FULL_TEXT index on LIKE queries shows no performance improvement or regression
Summary
FULL_TEXT indexes on text fields do not improve performance for LIKE '%term%' queries, and in some cases cause performance regression compared to sequential scans.
Environment
- ArcadeDB Version: 25.9.1
- Dataset: MovieLens (ml-latest: 62,423 movies, 33M+ ratings)
- Index Type: FULL_TEXT on
Movie.genresfield - Query Pattern:
SELECT count(*) FROM Movie WHERE genres LIKE '%Action%'
Expected Behavior
FULL_TEXT indexes should improve or at least not degrade performance for text search queries.
Actual Behavior
FULL_TEXT index causes 10.8% performance regression on COUNT queries with LIKE:
Performance Results
Query: Count ALL Action movies (LIKE, no LIMIT)
- Without index: 58.7ms ± 8.4ms
- With FULL_TEXT index: 65.1ms ± 18.0ms
- Result: 0.9x speedup (10.8% SLOWER)
Query: Find movies by genre (LIKE with LIMIT 10)
- Without index: 1.0ms ± 1.0ms
- With FULL_TEXT index: 0.8ms ± 0.3ms
- Result: 1.3x speedup (marginal improvement)

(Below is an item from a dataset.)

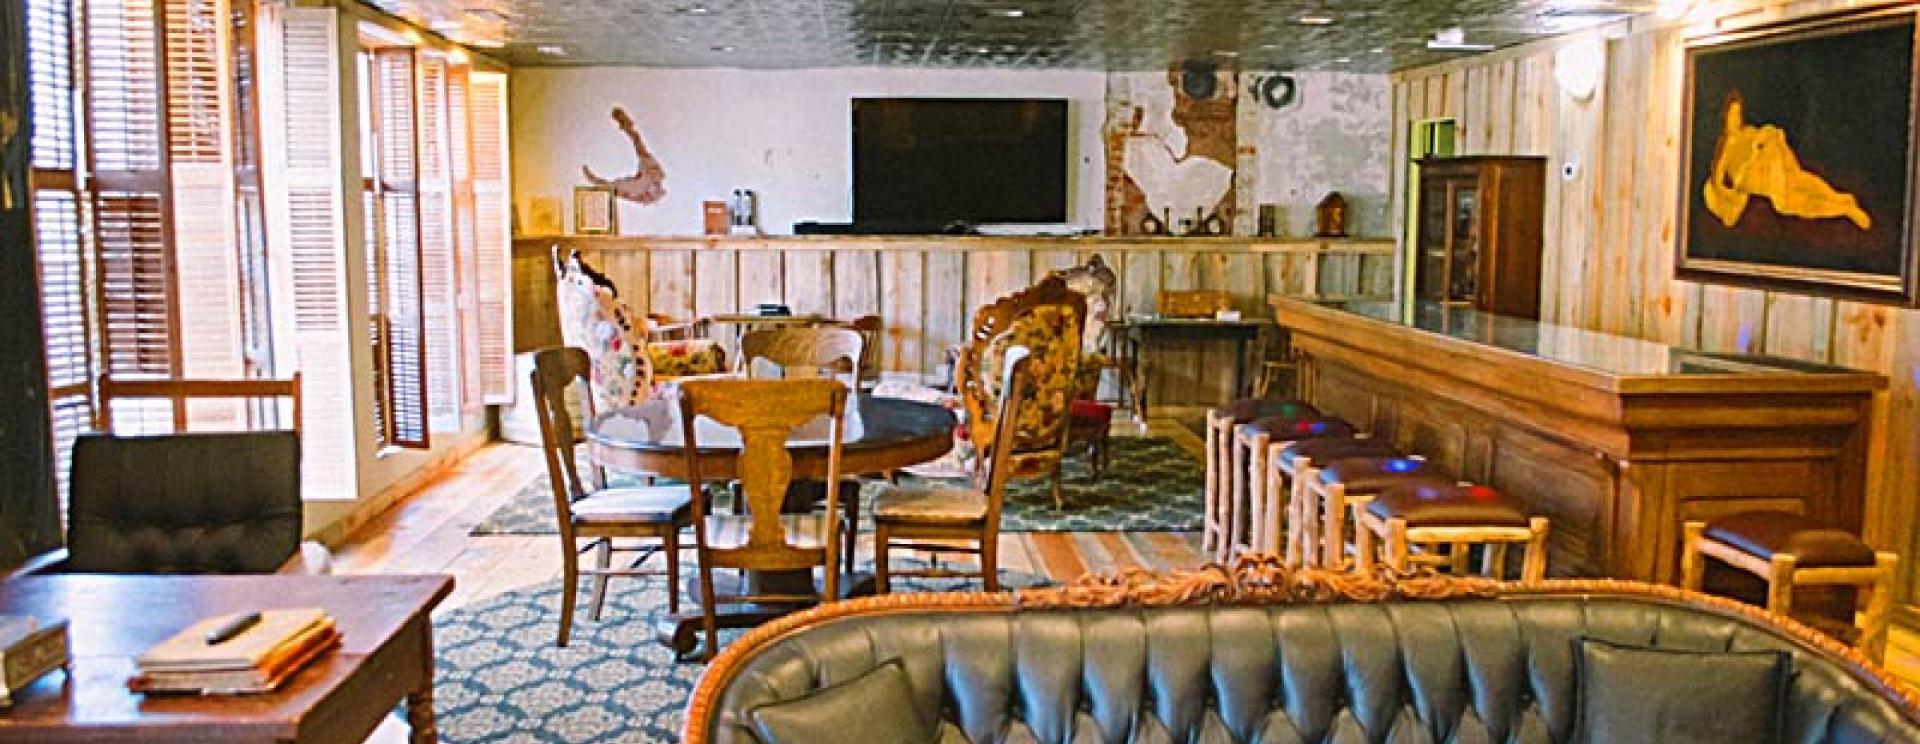 Deadwood Historic Brothel
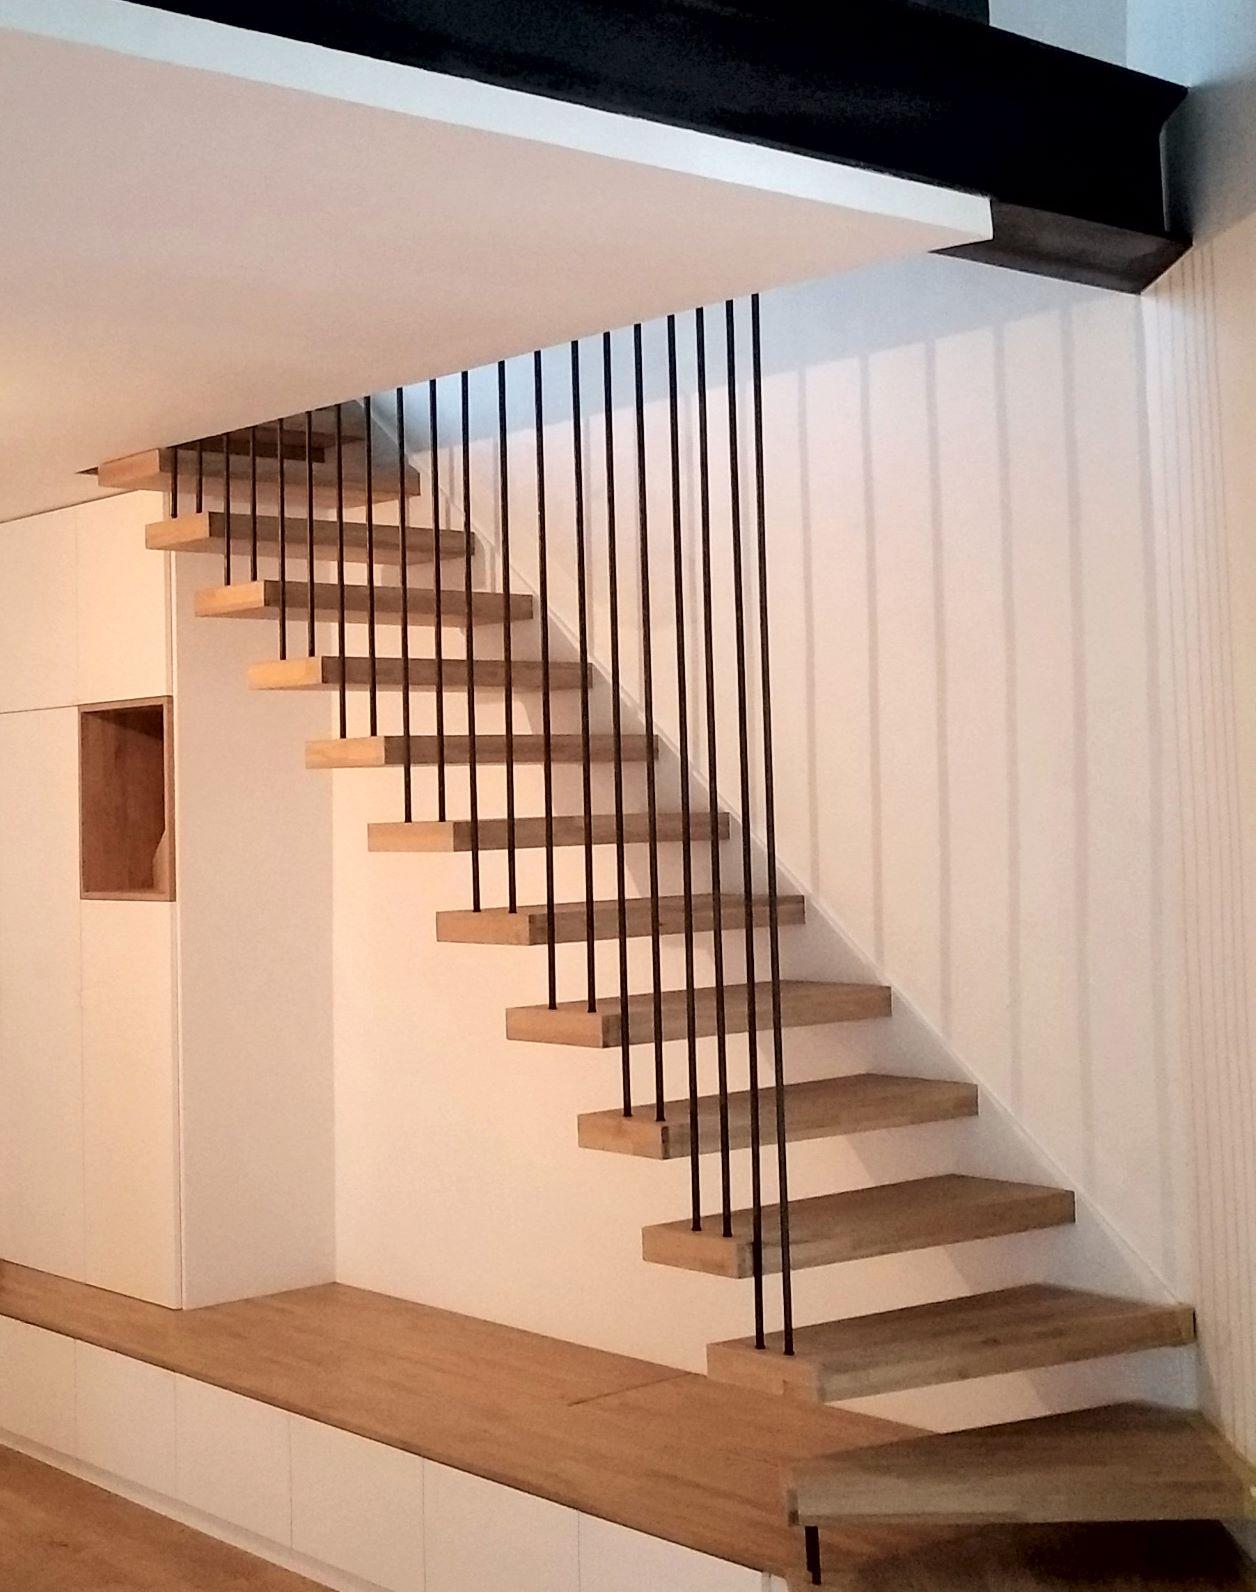 Inox-Ngo-ferronnier-Marseille-escalier-flottant-bois-métal-1r

Comparison with Other Indexes
For comparison, LSM_TREE indexes on the same dataset show massive improvements:
Rating(userId): 14,836x speedup ✅Rating(movieId): 107.9x speedup ✅Movie(movieId): 58.1x speedup ✅
Test Code
-- Create FULL_TEXT index
CREATE INDEX ON Movie (genres) FULL_TEXT
-- Query that shows no improvement
SELECT count(*) as count FROM Movie WHERE genres LIKE '%Action%'
Dataset: Genres field contains pipe-delimited values like "Action|Comedy|Sci-Fi"
Analysis
The FULL_TEXT index appears to add overhead without providing optimization for LIKE '%term%' pattern matching:
- Tokenization mismatch: FULL_TEXT tokenizes
"Action|Comedy"into separate terms - Pattern matching:
LIKE '%Action%'is substring search, not token search - Index overhead: Query planner may attempt to use index inefficiently
Questions
- Should
LIKEqueries automatically use FULL_TEXT indexes when available? - Is there alternative syntax (e.g.,
SEARCHfunction) that properly utilizes FULL_TEXT indexes? - Should the query planner avoid using FULL_TEXT indexes for
LIKEpatterns?
Reproduction
Full reproduction code available in Python bindings example: https://github.com/humemai/arcadedb-embedded-python/blob/main/bindings/python/examples/04_csv_import_documents.py
The example demonstrates:
- CSV import with automatic schema inference
- Index creation after bulk import
- Performance comparison with/without indexes
- Result validation
Request
Please clarify:
- Expected behavior of FULL_TEXT indexes with LIKE queries
- Recommended syntax for full-text search on tokenized fields
- Whether this is expected behavior or a query optimizer issue
I'm going to work on this issue for the next release, thanks @tae898 for all the details.